Critical numbers play a crucial role in calculus. They are points in the domain of a function where the derivative is either zero or undefined. To find these critical numbers for a function like

• Start by differentiating the function to get its first derivative.
• Set the derivative equal to zero.
• Solve for the variable to find the critical numbers.

In the original exercise for the function \(f(t) = t^{2} \sin(t)\), the derivative was found to be \(f^{\prime}(t) = 2t\sin(t) + t^{2}\cos(t)\). Setting this equal to zero gives you an equation to solve for \(t\), which determines the critical numbers. These points help in understanding the graph's behavior, pinpointing where the function may have relative maxima, minima, or saddle points.
Finding critical numbers is vital as they indicate where a function changes its increasing or decreasing trend, aiding in sketching its graph accurately.

A Computer Algebra System (CAS) streamlines and enhances the differentiation process by computing all necessary mathematical steps nearly instantaneously. In mathematical problems and exercises, particularly those involving derivatives, using a CAS like Mathematica, Maple, or MATLAB proves beneficial. It helps in ensuring:

• Accuracy: Reduces chances of manual error.
• Efficiency: Quickly computes complex derivatives.
• Insight: Visualizes results, such as derivative functions.

For example, differentiating the function \(f(t) = t^{2} \sin(t)\), manually involves applying the product rule. A CAS simplifies this, producing the derivative \(f^{\prime}(t) = 2t\sin(t) + t^{2}\cos(t)\) accurately and promptly.
By utilizing a CAS, students can focus more on understanding concepts rather than becoming bogged down by intricate calculations. It also assists in corroborating manually derived solutions, providing an additional layer of verification for mathematical results.

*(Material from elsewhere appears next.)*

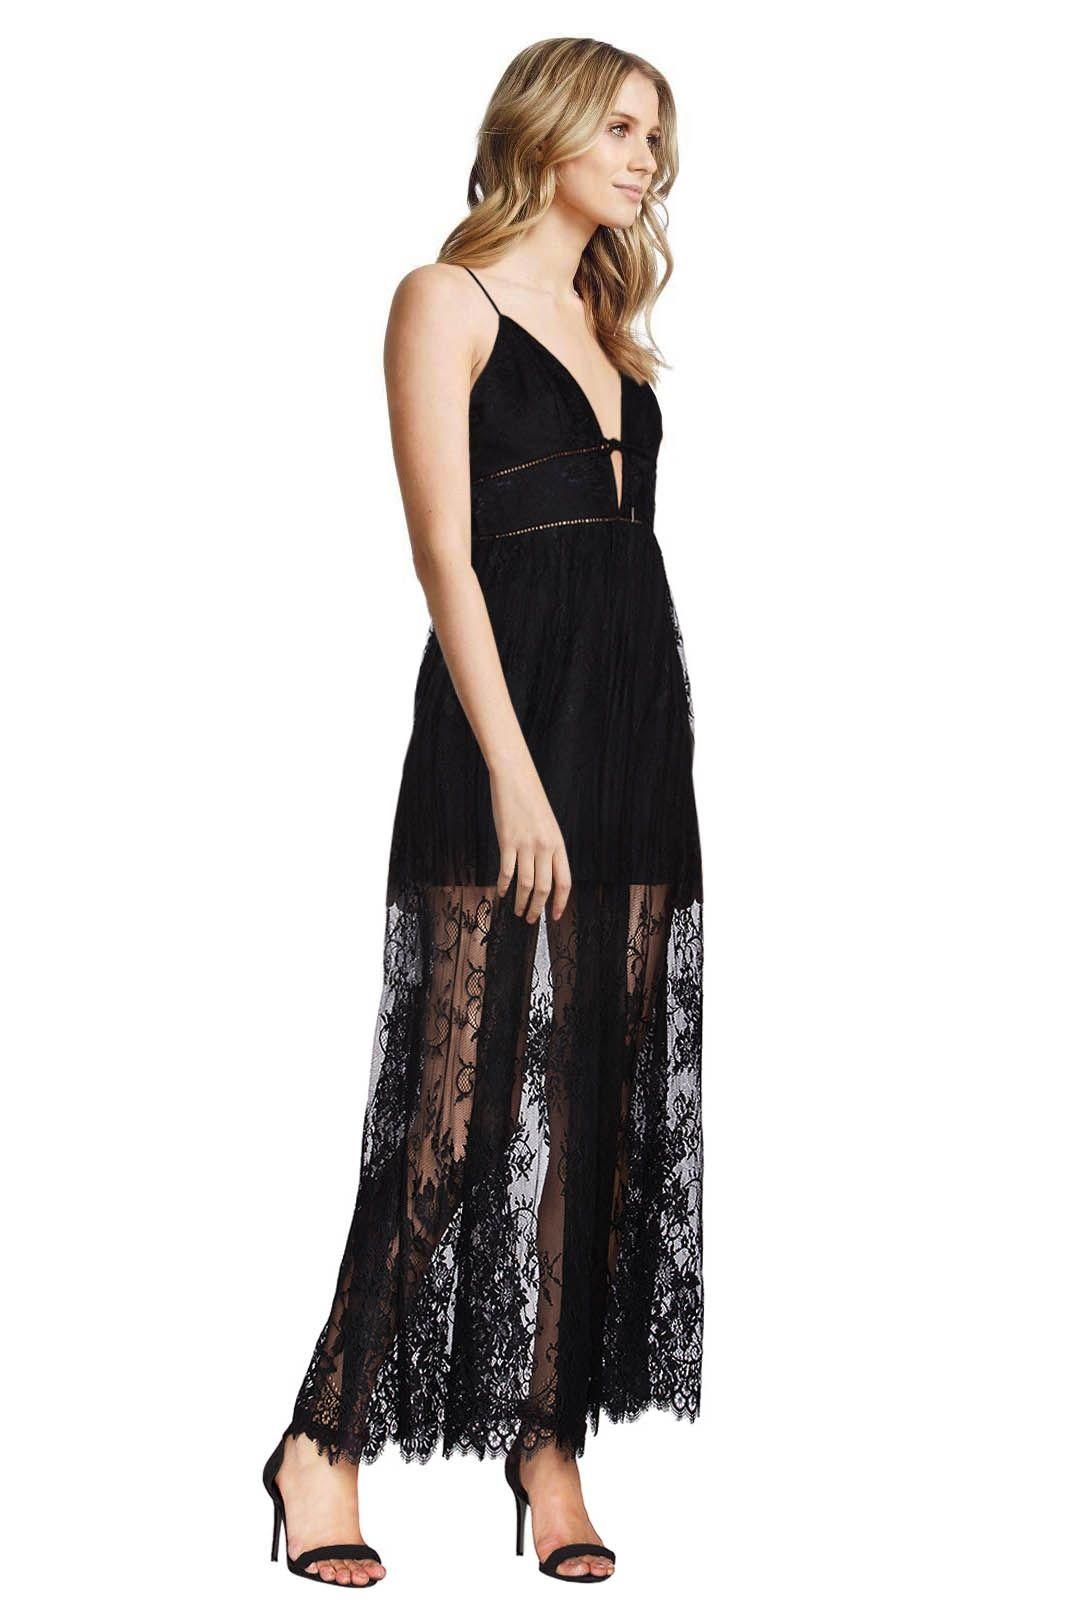 X by NBD - Stella Dress - Black - Side

Interval analysis is a valuable process to examine the behavior of functions, especially concerning their derivatives. After determining the critical numbers of a function, the next step is to analyze intervals formed by these critical points.The original problem involves analyzing where the derivative \(f^{\prime}(t) = 2t\sin(t) + t^{2}\cos(t)\) is positive or negative. Interval analysis helps accomplish this through these steps:

• Establish the critical numbers as boundaries for the intervals.
• Choose test points within each interval to substitute into the derivative equation.
• Observe if the derivative's sign is positive or negative in each segment.

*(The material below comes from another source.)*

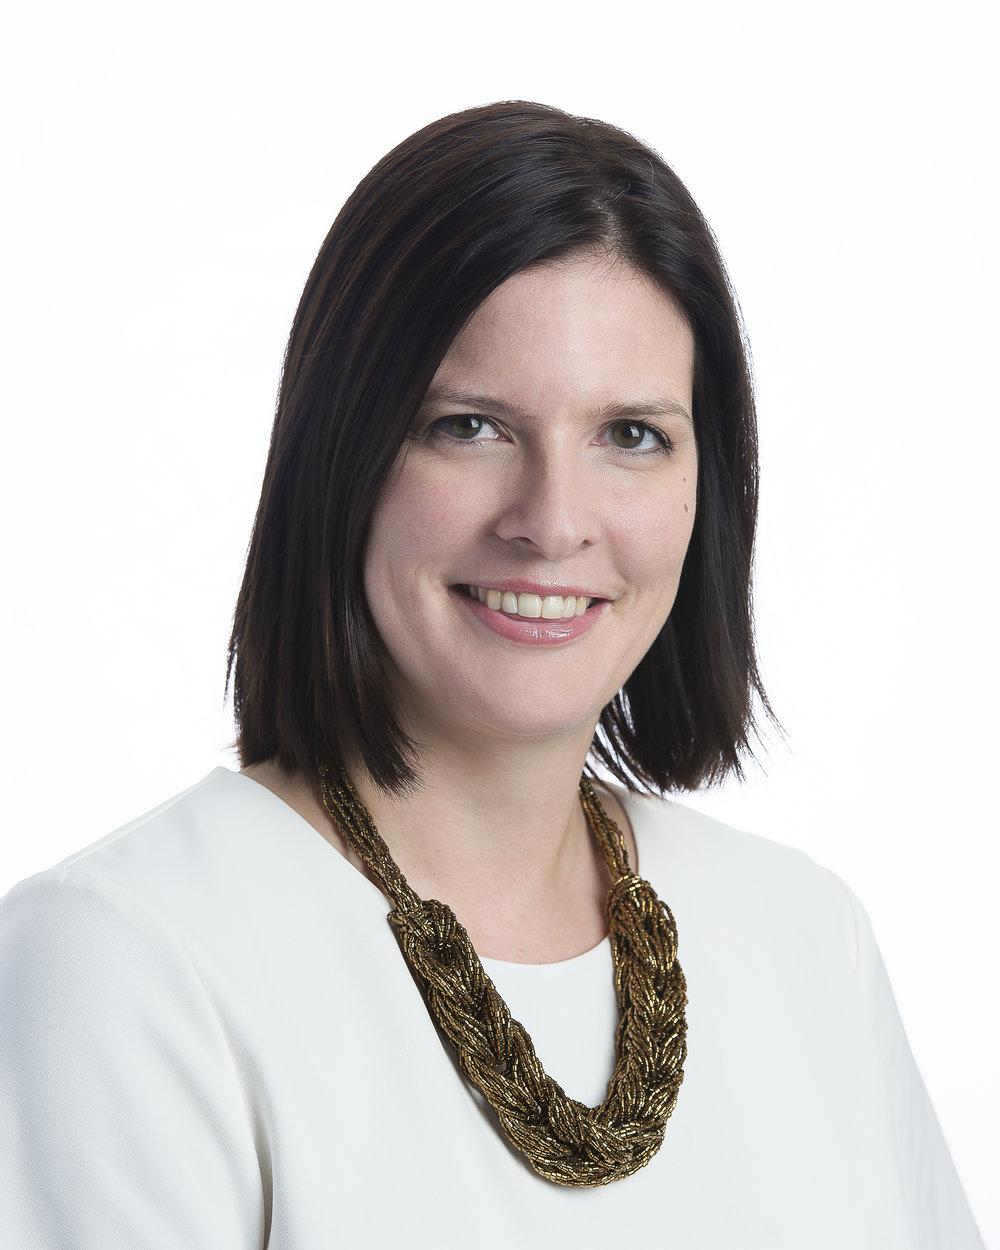 Marie-Claude Desjardins, Professeure adjointe, Faculté de droit, Université de Sherbrooke

This positive or negative indication informs you whether the function is increasing or decreasing in that interval.
For instance, pinpointing intervals where the derivative is positive indicates that the function \(f(t)\) is increasing. Conversely, negative intervals show where \(f(t)\) is decreasing. This technique is crucial for fully understanding the shape and behavior of the graph of a function over specific ranges.